Le fait qu'il ai établit le film sur le fait que cet homme ai a choisir l'une ou l'autre, surtout après un évènement si déroutant du retour de Carlotta, là où non-pas lui-seul mais les trois personnes sont démunies de leurs moyens et objectivement peu à-même de prendre des décisions sur leur avenir amoureux respectif, me laisse penser qu'il y a un contraire flagrant entre un très bon jeu d'équilibre entre surréalisme résolument drôle, et un conformiste et une convenue malhereusement beaucoup trop marquée pour que les trois personnes puissent envisager un avenir joyeux et y compris amoureux.

Cela m'a laissé beaucoup d'amertume surtout en seconde partie dès lorsque j'ai vu comment les trois personnages évoluaient et plus particulièrement les deux femmes entre elles, de plus en plus à-même à se chamailler l'amour d'Ismaël, alors que autant pour l'une de l'autre la situation est incongrue, et que pour Ismaël, il se retrouve non-plus avec plus personne à chérrir hormis son "fantôme réel" d'épouse, mais deux en même temps et parfaitement prêtes à vivre leur bonheur respectif et potentiellement ensemble (je le rappelle : Sylvia n'a connu qu'une série de déceptions et attend maintenant une relation valable, Carlotta est allée vivre ailleurs pendant une éternité et sait aujourd'hui que le vrai amour qu'elle peut vivre est auprès de lui.

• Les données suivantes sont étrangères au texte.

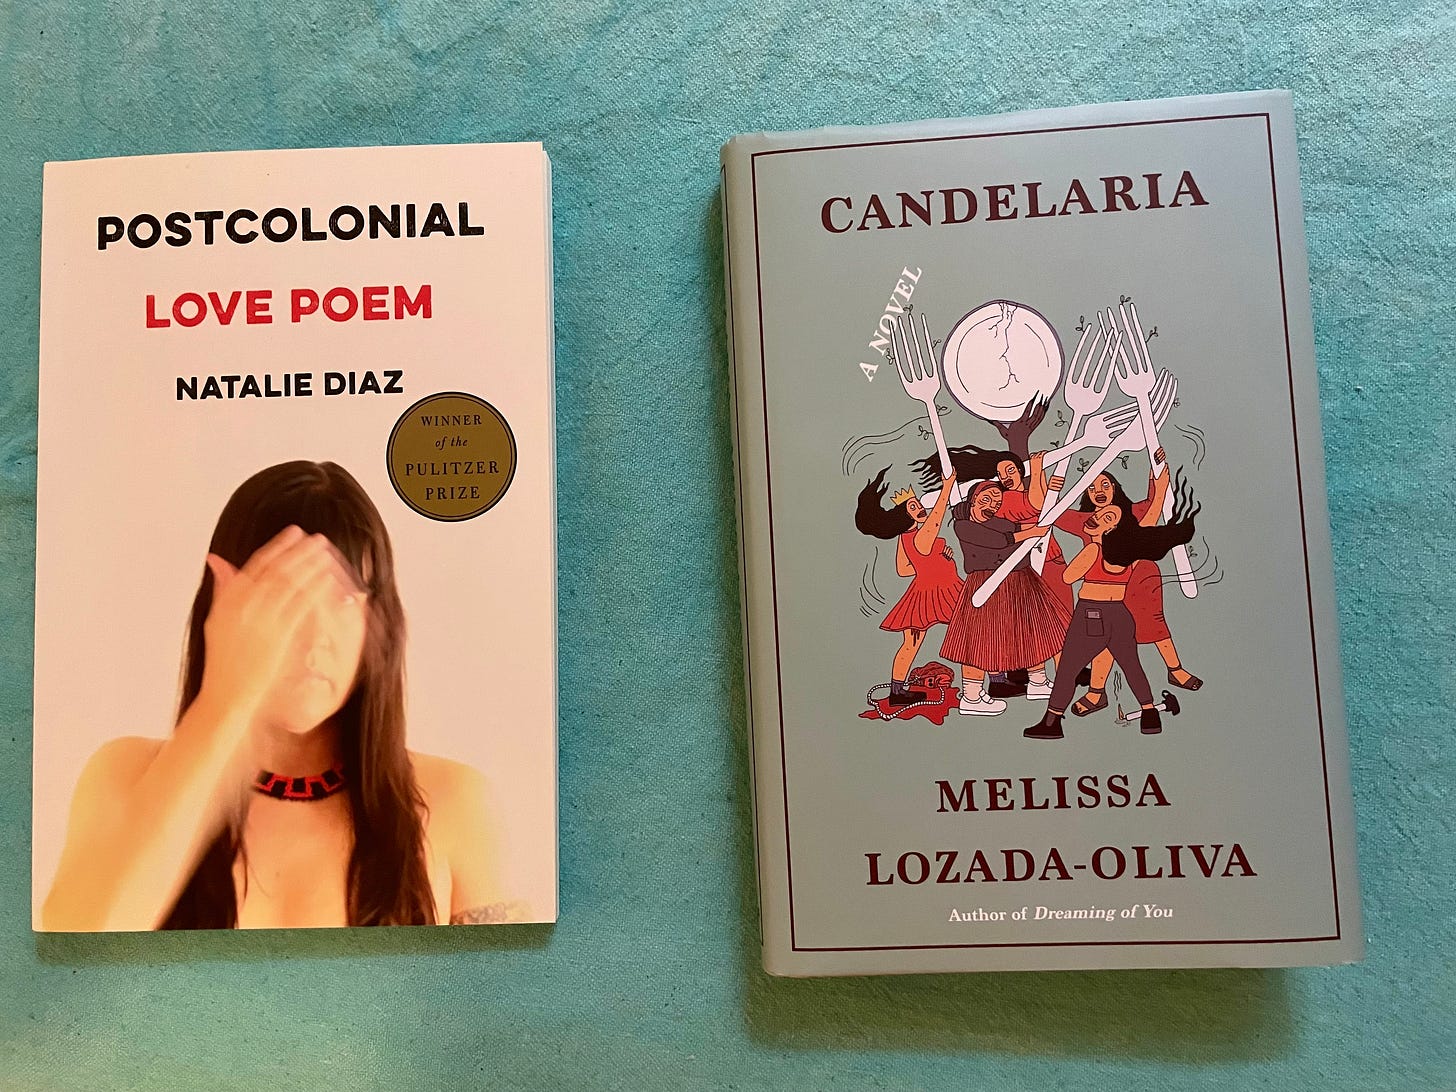 Postcolonial Love Poem by Natalie Diaz and Candelaria by Melissa Lozada-Oliva

En conclusion, c'est un film que j'ai apprécié plus qu'habituellement en raison de son savant équilibre du surréalisme et les situations presque drôles qui m'ont permi de ne pas être dérouté et donc de dériver mon regard, même si je considère que le cinéaste fait fausse-route dans ce qu'il avance, pour la principale raison que, au vu de la situation non-pas que d'Ismaël mais des trois personnes ensemble au même endroit et au même moment, auraient au moins dû faire preuve d'un minimum d'introspection non-pas que pour leur propre intérêt respectif mais commun, en mettant de côté leur conformisme non-pas que envahissant mais destructeur. Car à l'occurence, c'est en raison de ce conformisme émis par chacun des trois personnages, que cela a amené à l'échec non-pas que d'un nouveau couple nouvellement en formation mais des trois ensemble en cours de création.